Jan. 18th, 2013

aslant: (elle s'amuse)
5. Mothers of Invention: Women of the Slaveholding South in the American Civil War, Drew Gilpin Faust

Drew Gilpin Faust used to be my boss. Okay, technically, she was my boss's boss's boss, but close enough. I revered this woman as a god when I worked with her at Radcliffe, purely for her skill as a leader (justly recognized a few years later when she was elevated to the Presidency at Harvard), and had only really heard about her scholarship secondhand. Yeah yeah, history, women, something like that. Well, it turns out she is kind of a big deal -- I should have guessed. This is her first book, from 1996, and it is not only a fascinating subject but very, very well-written (bestill my beating heart). Civil War history is also a subject that was very new to me, so reading this book encompassed not only learning some basic facts about the war (the South thought it would last only a couple months!) and then googling up various battles and towns and people as they were mentioned, to gain a greater context. Don't get me wrong, this is a fascinating book even without side-googling, it just made my enjoyment all the greater to go on little treasure hunts (albeit bloody and depressing treasure hunts).

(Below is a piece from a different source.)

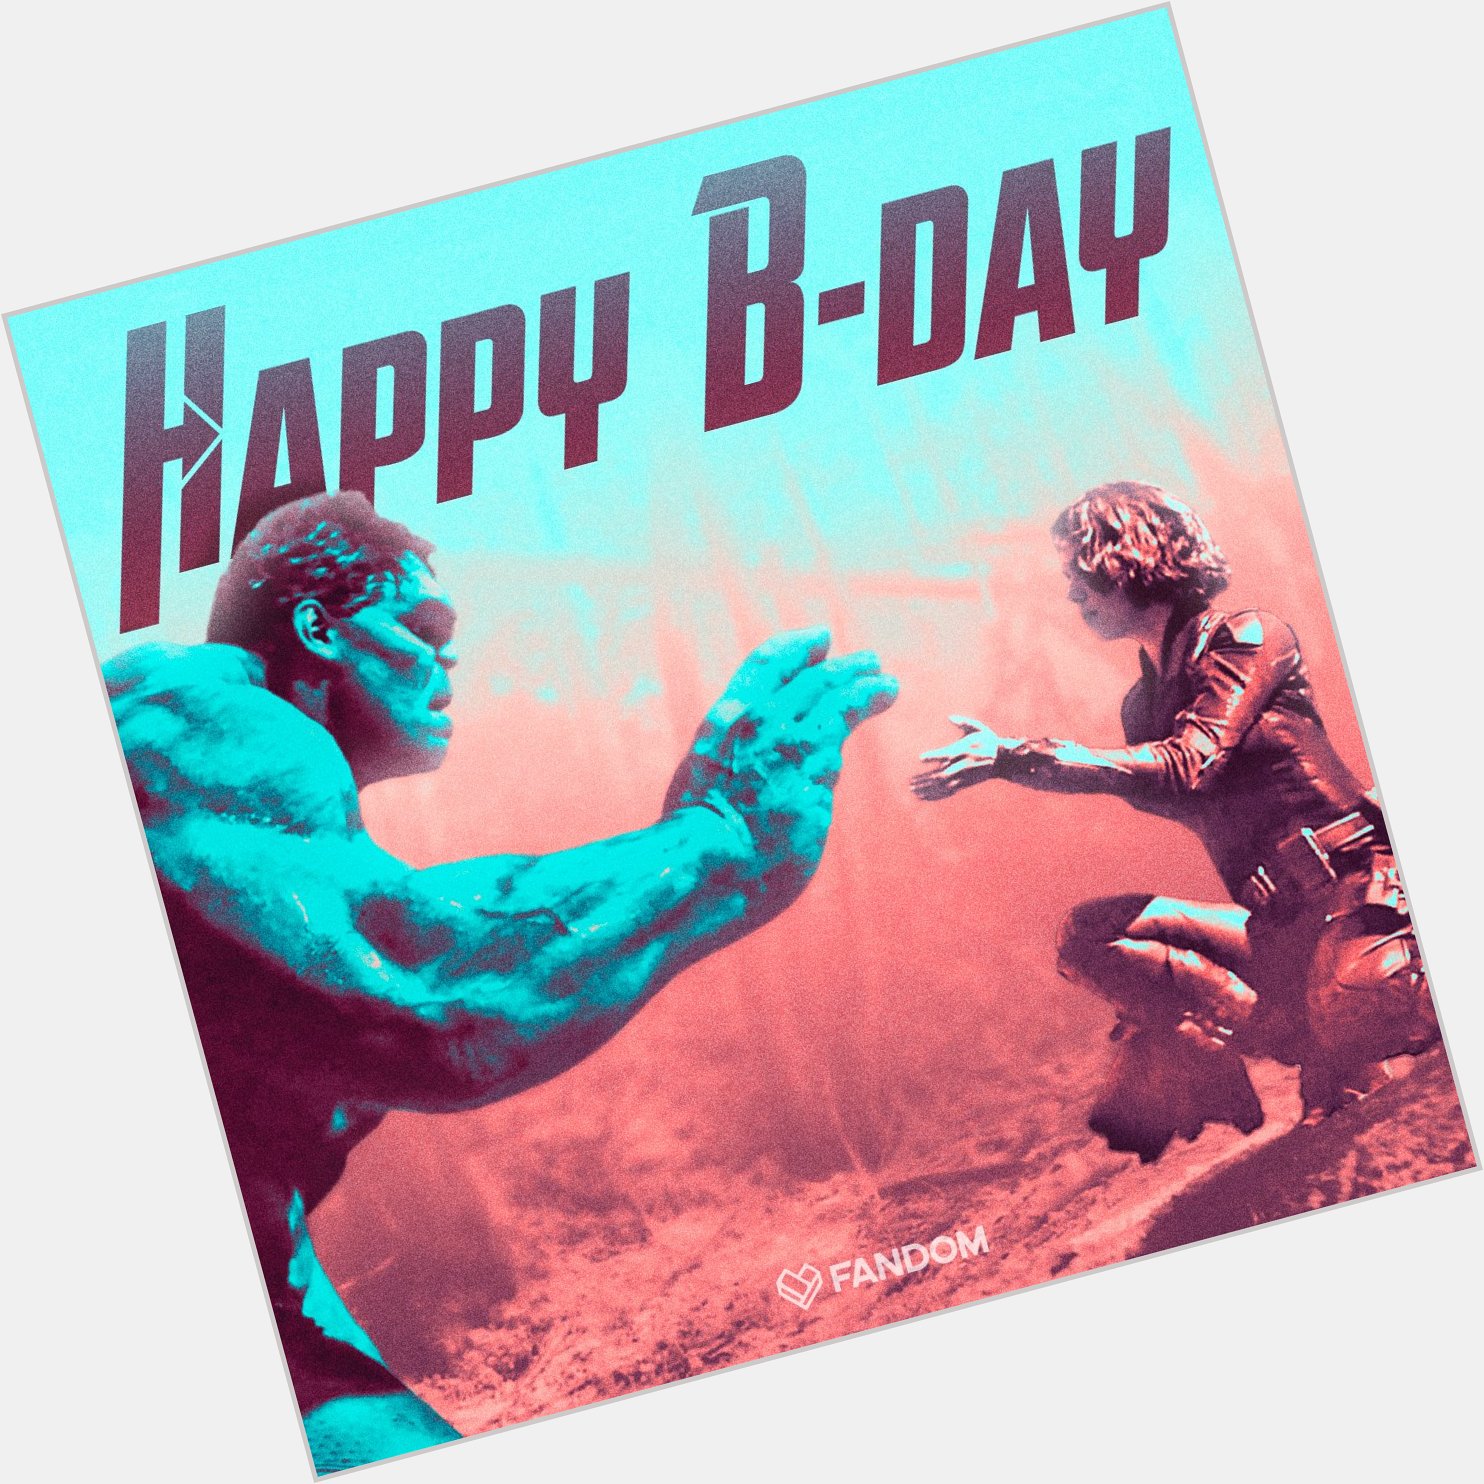 Happy Birthday to two legendary Avengers Mark Ruffalo and Scarlett Johansson

Faust is largely here to dispel some of the big myths of white southern womanhood during the Civil War -- aside from a lot of noise and exhortations in the press, white women did not take up nursing, or teaching, or weaving cloth, or other industrial needs, in large numbers. They did not become capable household managers, either domestically or in the sense of farm and slave management. Apparently some of these ideas were well accepted as fact, some of them perhaps because of the 'Lost Cause' efforts in the post-war South, when women were energetically going around basically propping up white male entitlement and going overboard with honoring heroes etc etc, in order to enforce gender and race paradigms of power and hierarchy.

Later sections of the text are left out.